Vous avez raison de dire que c'est sans doute l'un des acquis les plus populaires de l'Union européenne. Mais était-il logique de diminuer comme on l'a fait, de manière très importante, les contrôles internes, alors que nous n'avions plus de douaniers ? Les contrôles de police sont tout de même assez aléatoires. Salah Abdelslam a été contrôlé par la gendarmerie française au poste de péage autoroutier de Cambrai. Il y a eu sans doute en Belgique un dysfonctionnement interne, puisque les services belges consultés n'avaient rien qui justifiait une arrestation. C'est une demi-heure après que les gendarmes ont relâché l'intéressé qu'un nouvel avis est arrivé de Bruxelles informant qu'il fallait le garder. Cela s'est passé non à la frontière, mais à un poste de péage autoroutier, qui se situe à quarante kilomètres de la frontière et qui est physiquement le seul endroit où il y a un contrôle entre Bruxelles et Paris. S'y trouvent parfois les douaniers, souvent les gendarmes, et les voitures sont obligées de s'arrêter pour payer le péage. Voilà la réalité perçue de la frontière.

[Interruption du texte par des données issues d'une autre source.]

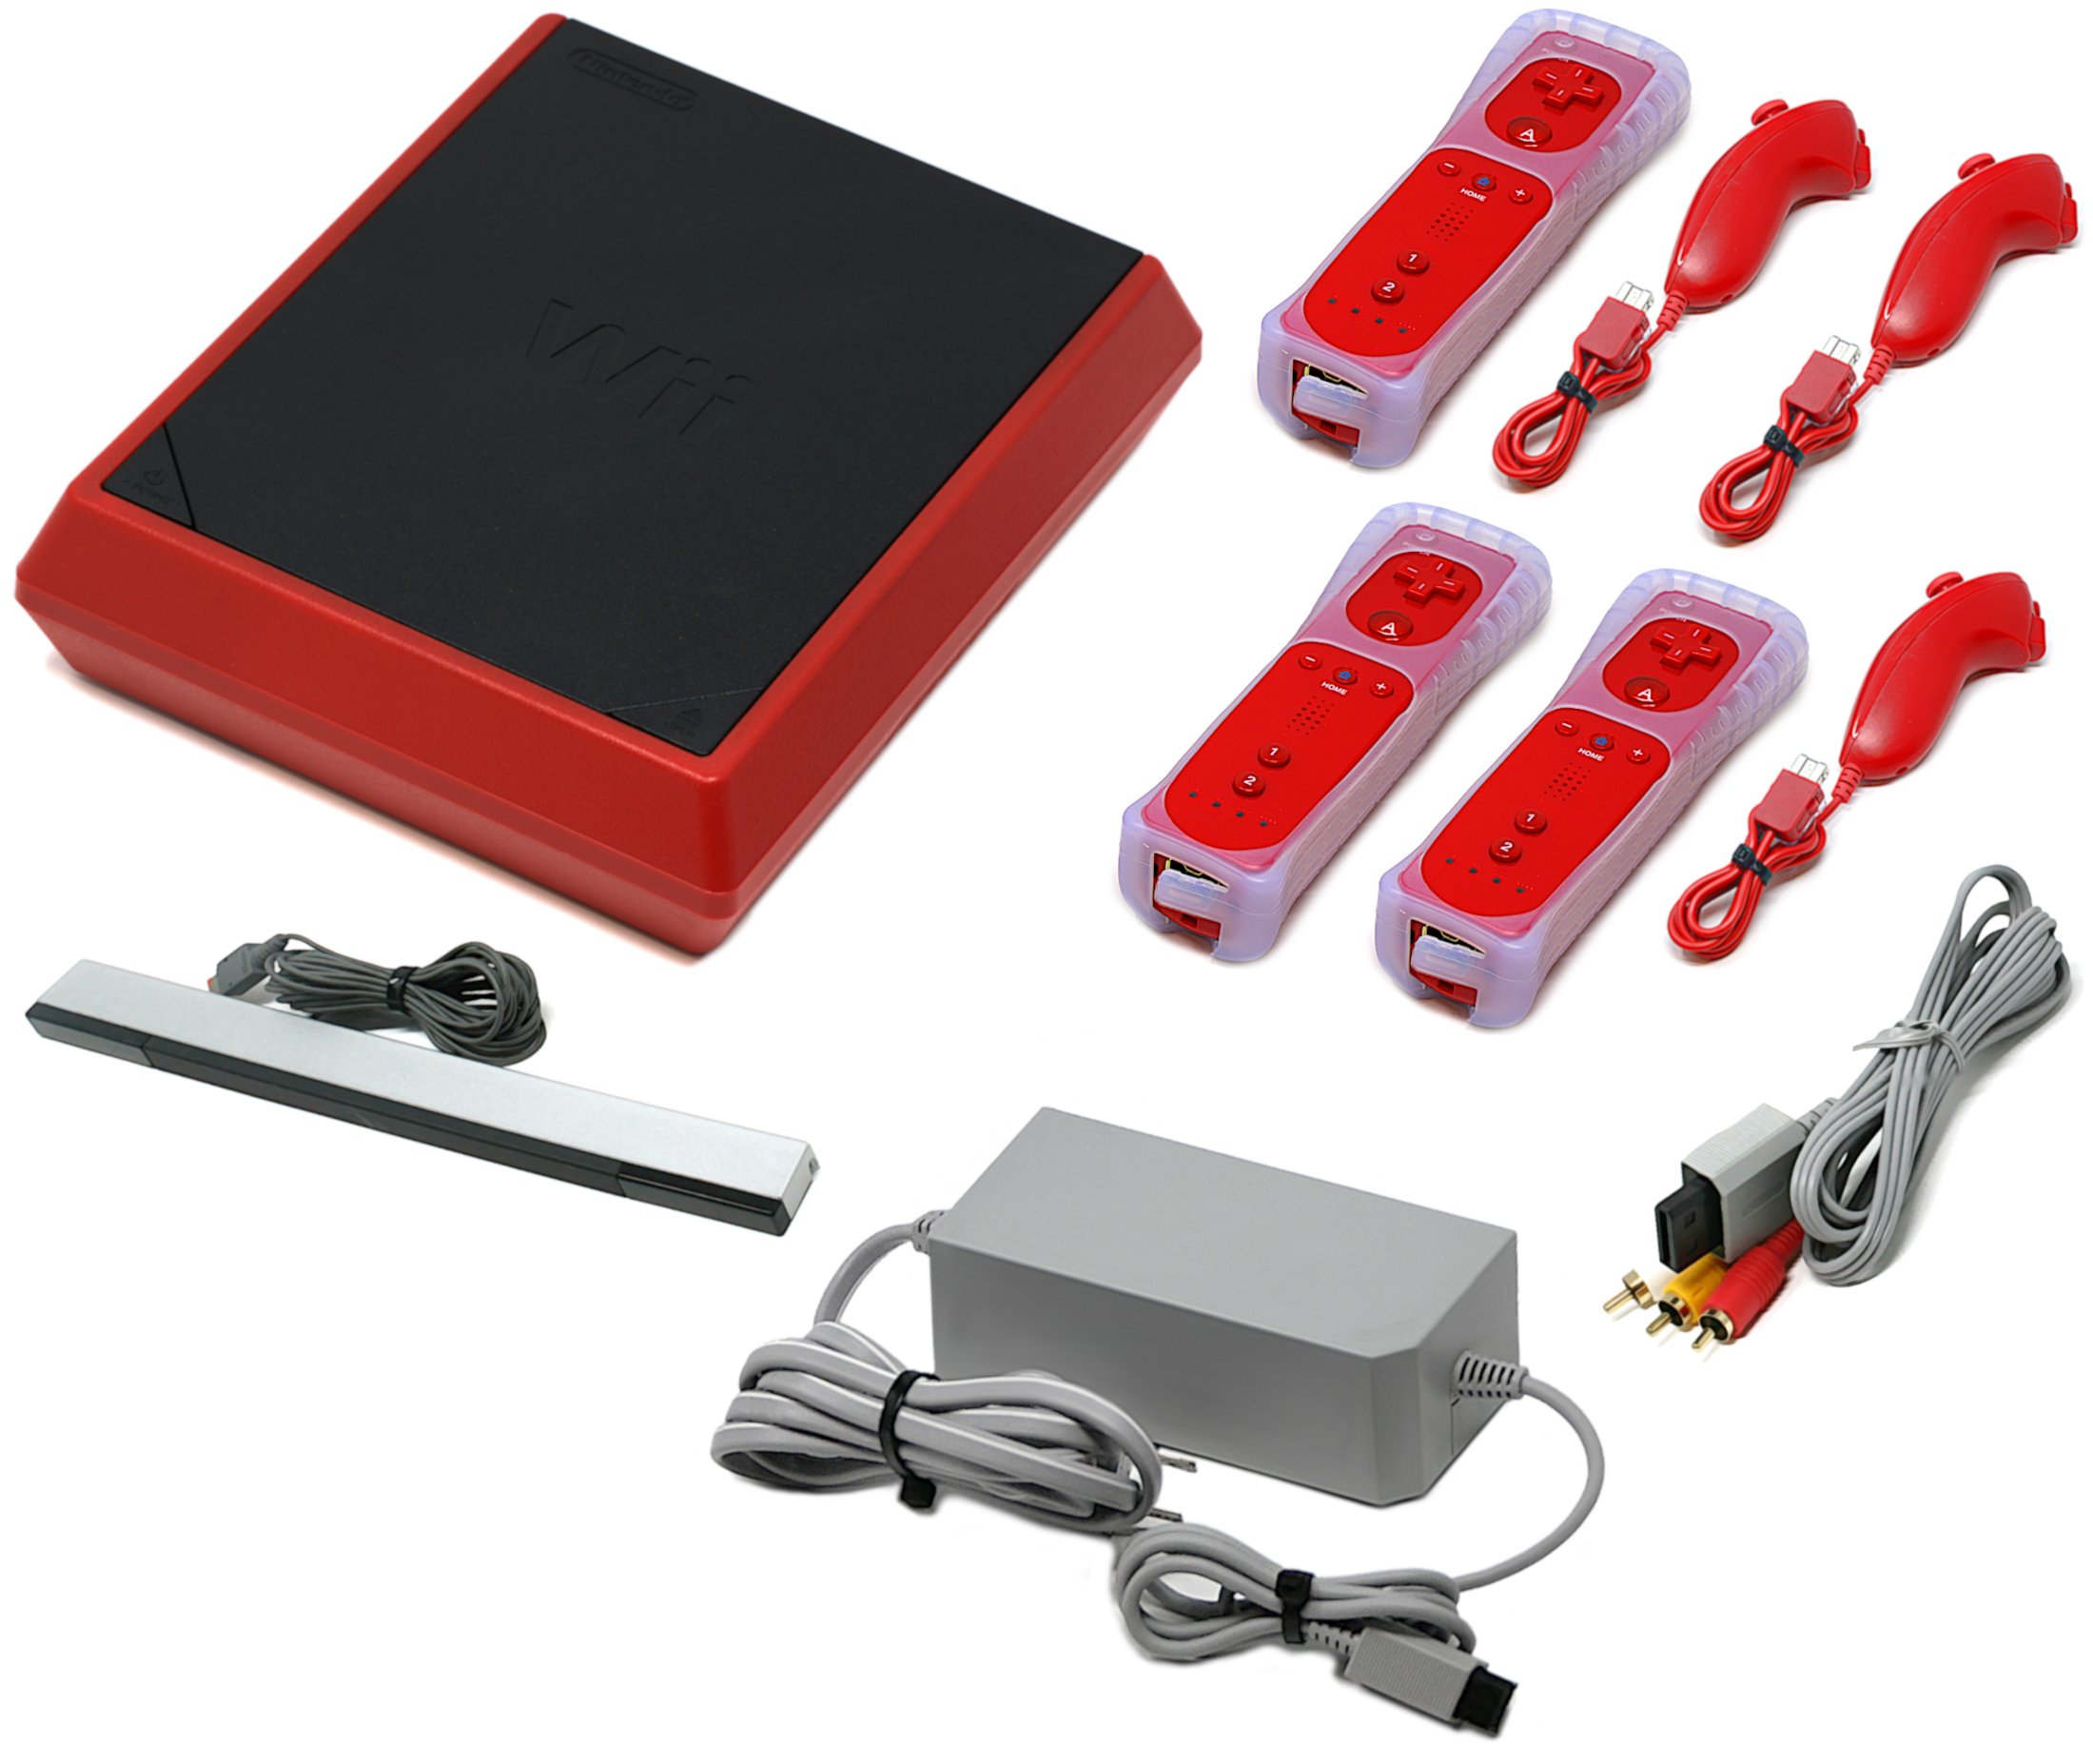 Authentic Red Wii Mini Console + Cords + Pick Controllers + US Seller

Notre problème n'est-il pas que, lorsque l'on a voulu cet espace libre de circulation de Schengen, on n'a pas mis en place aux frontières extérieures un système de contrôle efficace ? Pour avoir récemment conduit une mission d'information sur l'accord entre l'Union européenne et la Turquie, j'ai été frappé par le fait que les Turcs ont longtemps laissé passer tous ceux qui voulaient entrer en Grèce au point que la Grèce s'est trouvée submergée. Or, une fois que l'accord a été conclu, comme par miracle, pratiquement plus personne ne passait de Turquie en Grèce. Cela montre bien que les Grecs avaient du mal à contrôler leurs frontières, mais que les Turcs, quand ils le voulaient, contrôlaient assez bien la leur.

Sur les limites extérieures de Schengen, le problème concerne non seulement l'état des contrôles frontaliers sur les territoires de Schengen, mais aussi la volonté ou la mauvaise volonté de ceux qui sont de l'autre côté de la frontière. Les Turcs contrôlent quand cela les arrange. Pour les Italiens, le problème, c'est bien l'inexistence d'un État libyen : quand on arrête en Italie quelqu'un qui veut passer en Europe, on ne peut pas le ramener en Libye, on est obligé de l'admettre sur le territoire européen. On comprend alors la tentation italienne qui consiste à les laisser partir. Jusqu'à une époque récente, cela se terminait sur les quais de Calais.

J'aimerais connaître votre sentiment, non sur la critique des bonnes vieilles frontières de papa, mais, très précisément, sur ce qu'il faut faire pour avoir une sécurité réelle aux frontières de Schengen et sur un mode de contrôle de la circulation des personnes à l'intérieur de l'espace Schengen revu et corrigé puisque, quand certains circulent à l'intérieur de Schengen, il y a parfois intérêt à être fixé assez vite sur leur dangerosité ; on l'a vu avec Salah Abdelslam.